Faith is not, of course, a political tool. We do not embrace it for political purposes. That, indeed, would be contrary to what faith in God really is.

Instead, faith is embedded in our human nature. Birds fly, fish swim, and humans worship God. We freely choose to accept faith or to reject it. In doing so, we also choose the consequences, which are either humanity or inhumanity.

Faith is not contrary to reason. True, we can no more reason our way to faith than we can count by ones to infinity. In both cases, we get there all at once. Faith gives context to reason. It affirms that our lives have a plan, a purpose and a meaning far beyond merely the biological.

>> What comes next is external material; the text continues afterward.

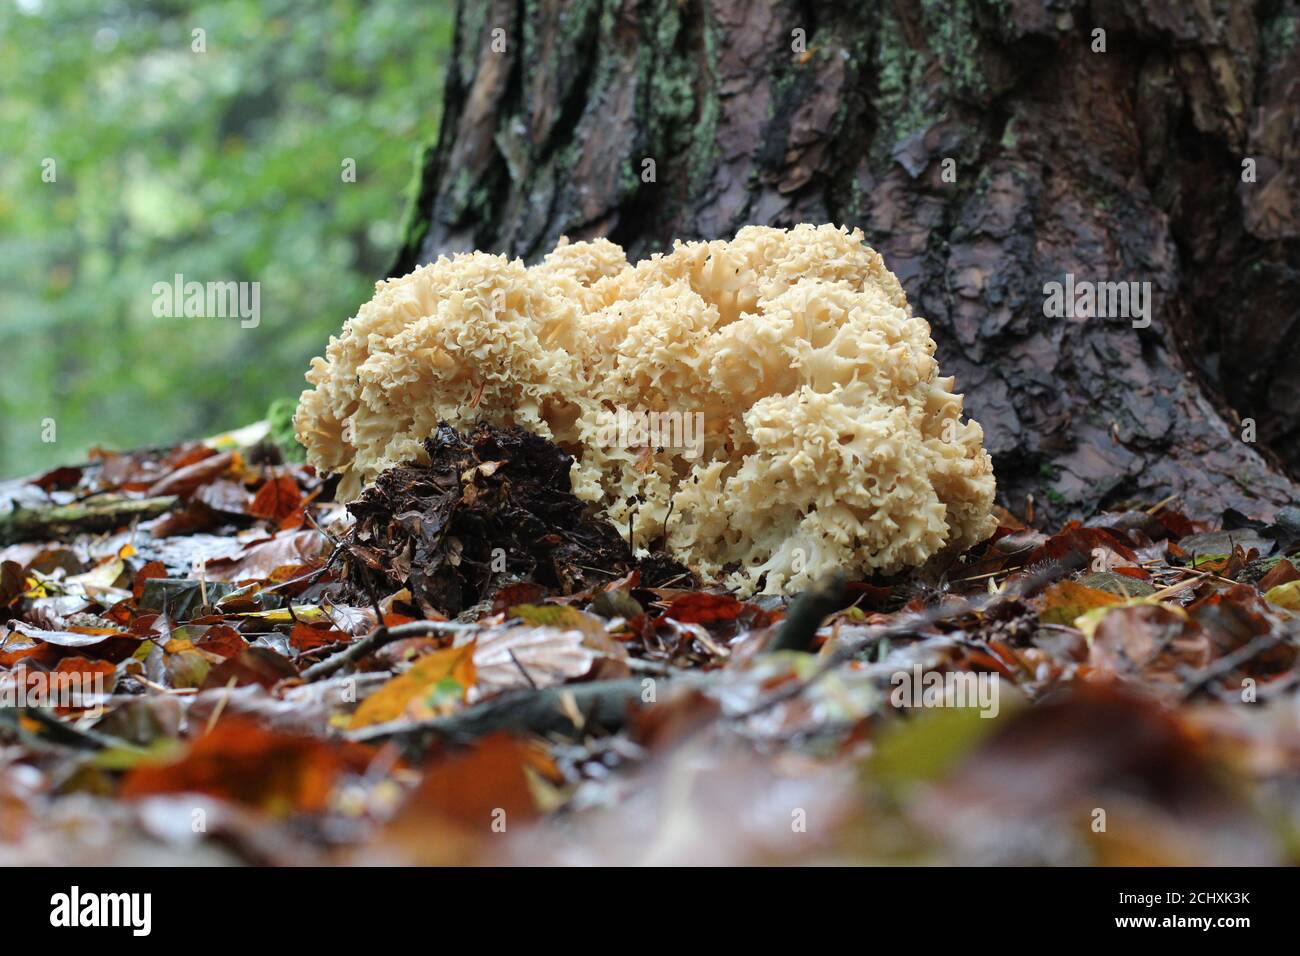 Closeup shot of Coral mushroom in the forest Stock Photo

Our deeds have eternal consequence.

Apart from faith, nothing makes sense.  Apart from faith, there is no plan, no purpose, no meaning.

Natural materialism strays so far from reason as to even deny that free will exists. Free will makes us into independent, sovereign entities, capable of choosing other than as nature would dictate. Therefore, natural materialism falls apart as soon as it accepts that free will is our nature. Free will cannot be the product of a cold, uncaring universe; it can only be the gift of God creating us in His own image and likeness.

Faith will not destroy reason but uphold it. Faith will not conquer democracy, but give it meaning.

There should be no war between reason and faith, but those who have rejected faith are drawing the battle lines. History is about to repeat itself, but the future is ours.